This study examines the national criminal justice system’s and the state of Tennessee criminal justice system’s policies in terms of how they influence citizens’ need for prisons with the private sector's desire for profits and their effects on the incarceration rate of African American males in the state of Tennessee. There is an important, often neglected correlation among prison sentencing, felony disenfranchisement, voting and the continuing problematic issues of race in America, particularly in Tennessee. Tennessee serves as a representative case study for which to examine local, state, and national criminal justice system, disparate outcomes and social inequality. The research therefore investigates ethically questionable public-private business relationships and arrangements that contribute to socially-constructed economic policy instruments used to fulfill Conservatives and Whites supremacists’ objectives for White domination in the State. Through mass incarceration and felony disenfranchisement, African Americans—in particular, African American males, have been discriminated against and systematically excluded from political participation, employment, housing, education and other social programs. This dissertation utilizes the Racial Contract Theory and Racial Group Threat Theory (Racial Threat Theory or Group Threat Theory) to investigate the issue. The Racial Contract Theory suggests that racism itself is an intentionally devised institutionalized political arrangement, of official and unofficial rule, of official and unofficial policy, socioeconomic benefit, and norms for the preferential distribution of material wealth and opportunities. The Racial Group Threat Theory suggests that growth in the comparative size of a subordinate group increases that group’s capacity to use democratic political and economic institutions for its benefit at the expense of the dominant group.
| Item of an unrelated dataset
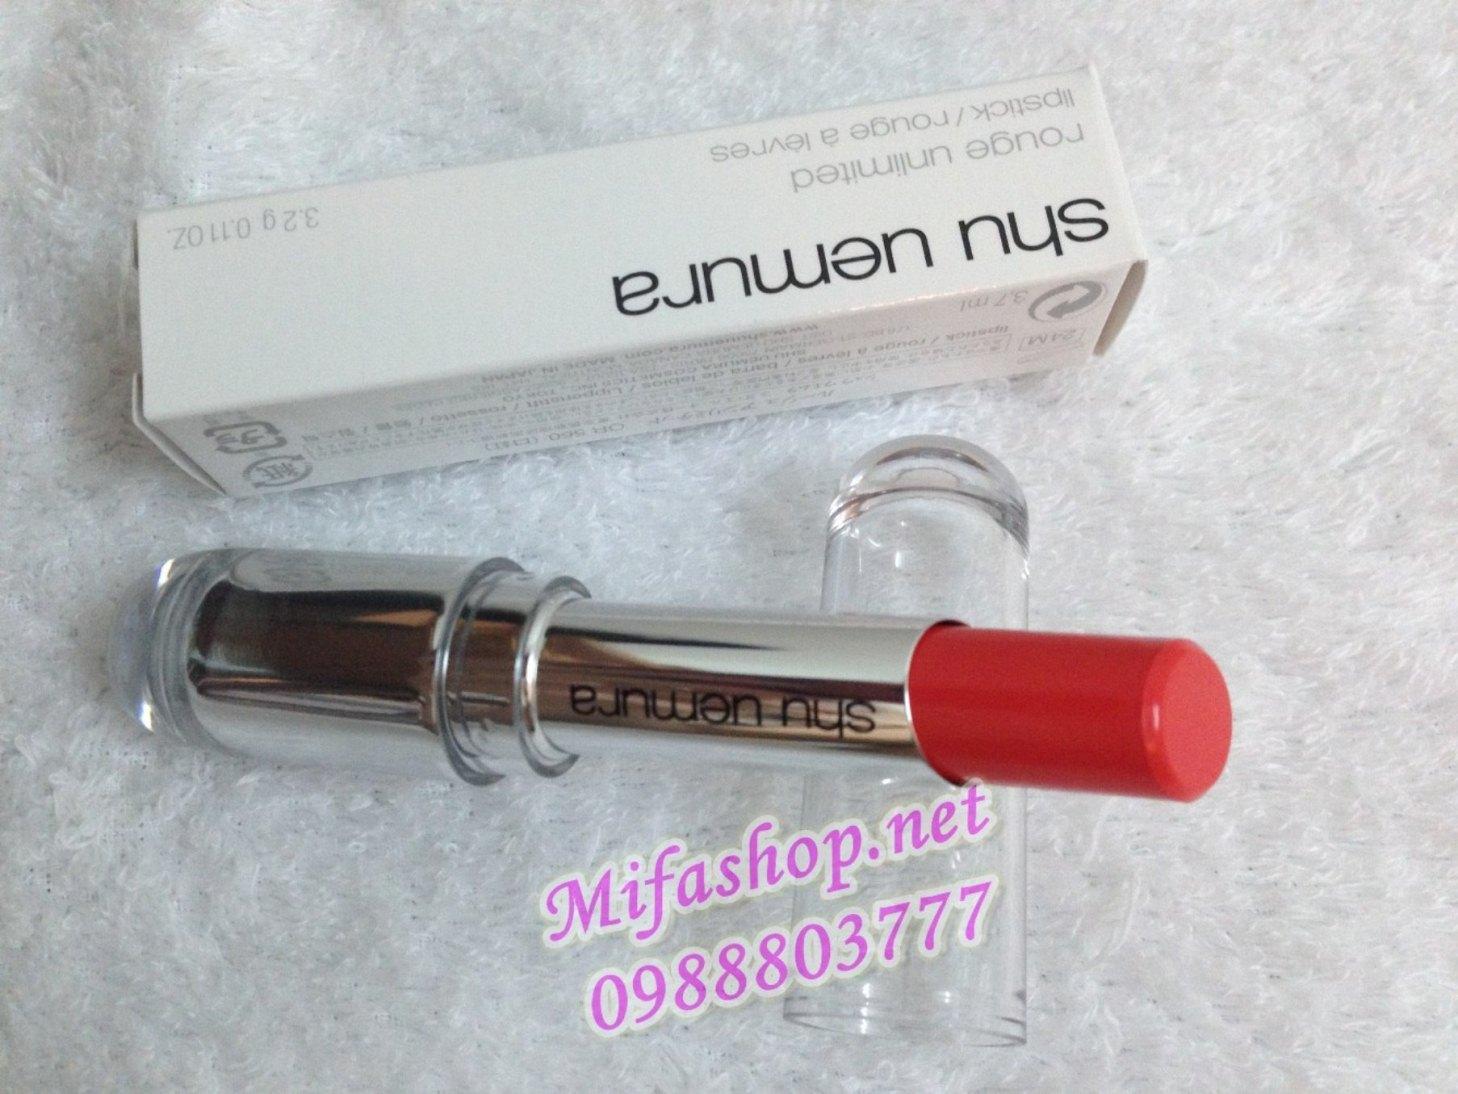 Son môi Shu Uemura 560

This dissertation therefore first hypothesizes that race, mass incarceration and felony disenfranchisement are employed to influence election outcomes in Tennessee. The second hypothesis that profit-seeking motive or other forms of economic incentives contribute to racist policy in the criminal justice system of Tennessee. The secondary data for this study were collected from books, scholarly articles, and online sources using the document analysis technique. The primary data were collected using national, state, local government reports and expert testimonials already conducted.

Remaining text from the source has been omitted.